Functional characterization of prostaglandin F2α receptor in the spinal cord for tactile pain (allodynia)
Version of Record online: 4 FEB 2004
Journal of Neurochemistry
Volume 86, Issue 2, pages 374–382, July 2003
How to Cite
Muratani, T., Nishizawa, M., Matsumura, S., Mabuchi, T., Abe, K., Shimamoto, K., Minami, T. and Ito, S. (2003), Functional characterization of prostaglandin F2α receptor in the spinal cord for tactile pain (allodynia). Journal of Neurochemistry, 86: 374–382. doi: 10.1046/j.1471-4159.2003.01840.x
- Issue online: 4 FEB 2004
- Version of Record online: 4 FEB 2004
- Received January 16, 2003; revised manuscript received February 25, 2003; accepted April 3, 2003.

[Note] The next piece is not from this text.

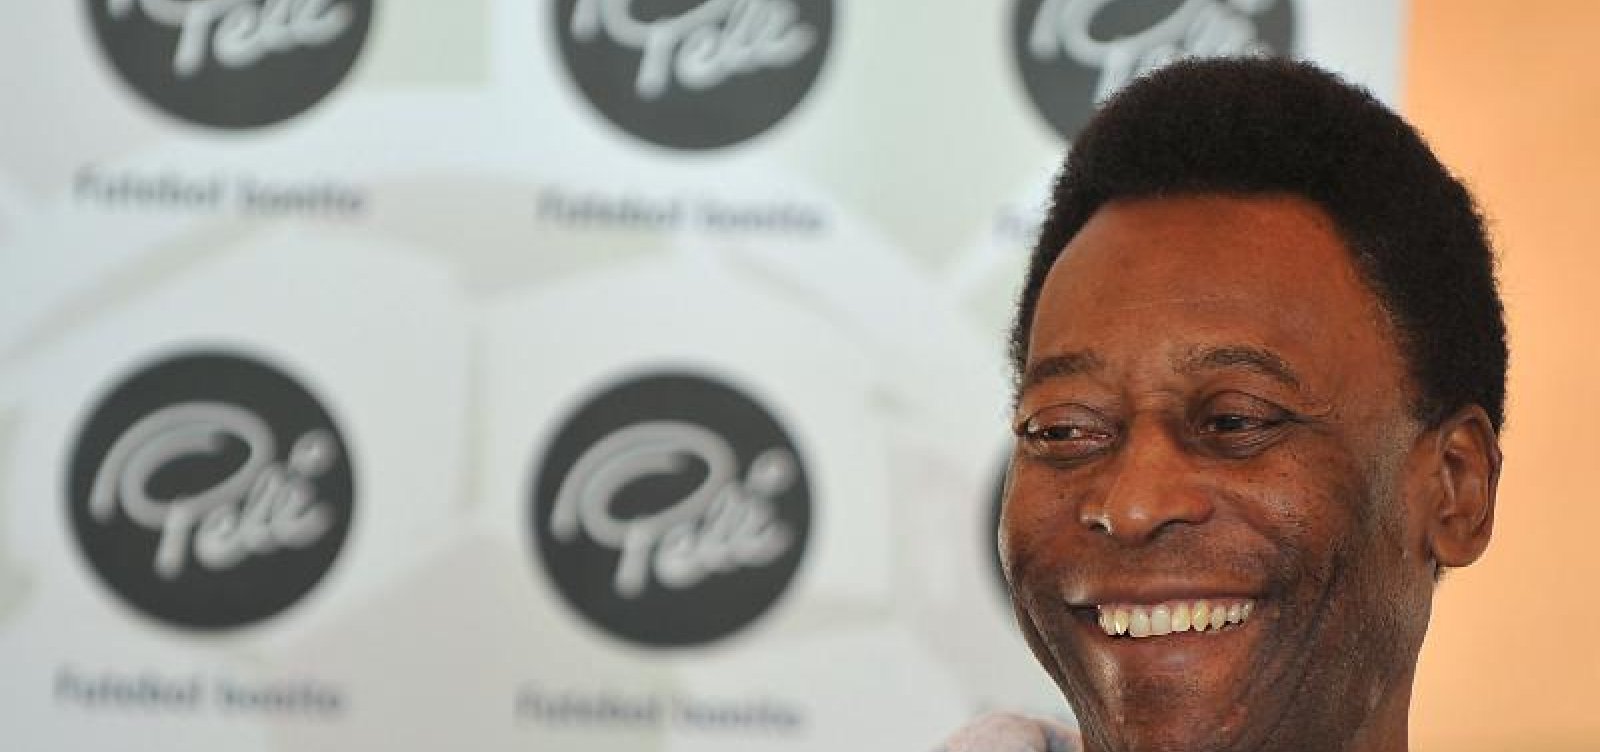 Médicos retiram cálculo renal e Pelé tem bom estado clínico
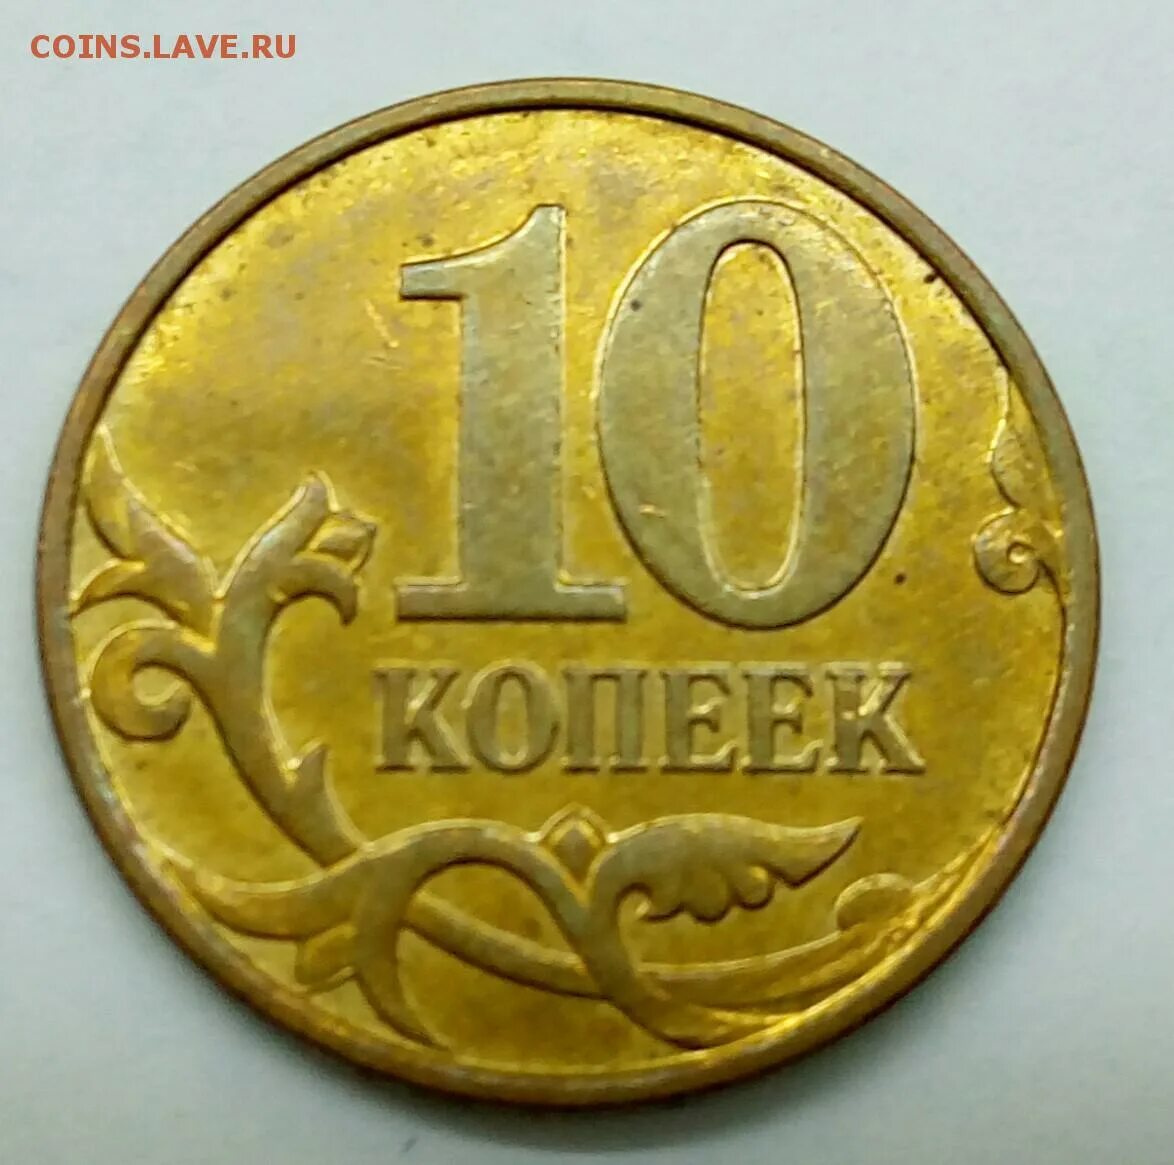 5 рублей 10 копеек. 10 Коп 2013г полный раскол. Копейки на 6 месяцев. 5 Копеек 2004 года полный обзор. 24 Рубля 6 копеек.

- antisense oligonucleotide;
- mechanical allodynia;
- PGF2α receptor;
- spinal cord
Prostaglandin F2α (PGF2α) binds to its receptor (FP) to increase the intracellular-free calcium concentration ([Ca2+]i) by coupling of FP with Gq protein. Spinal intrathecal administration of PGF2α to mouse induces touch-evoked pain (mechanical allodynia), in which capsaicin-insensitive primary afferent Aβ-fibres and N-methyl-d-aspartate receptor ɛ4 subunit are involved. FP in the spinal cord, however, was not well characterized. Here, we showed constitutive expression of FP mRNA in mouse spinal cord, and functionally characterized spinal FP-expressing cells which were involved in PGF2α-induced mechanical allodynia. The method for repetitive administration of oligodeoxyribonucleotides through tubing to conscious mice was established for mechanical allodynia evaluation. We identified an antisense oligodeoxyribonucleotide targeting FP mRNA, causing both disappearance of PGF2α-induced mechanical allodynia and decrease of FP mRNA. With saline-administered mice, PGF2α rapidly increased [Ca2+]i of the cells in the deeper layer of the dorsal horn. In contrast, when the FP antisense oligodeoxyribonucleotide was repeatedly administered, the population of PGF2α-responsive cells in the slices reduced, and PGF2α-induced [Ca2+]i increase of these cells diminished. These data strongly suggested that, in the dorsal horn of the spinal cord, there are the FP-expressing cells which are involved in PGF2α-induced mechanical allodynia.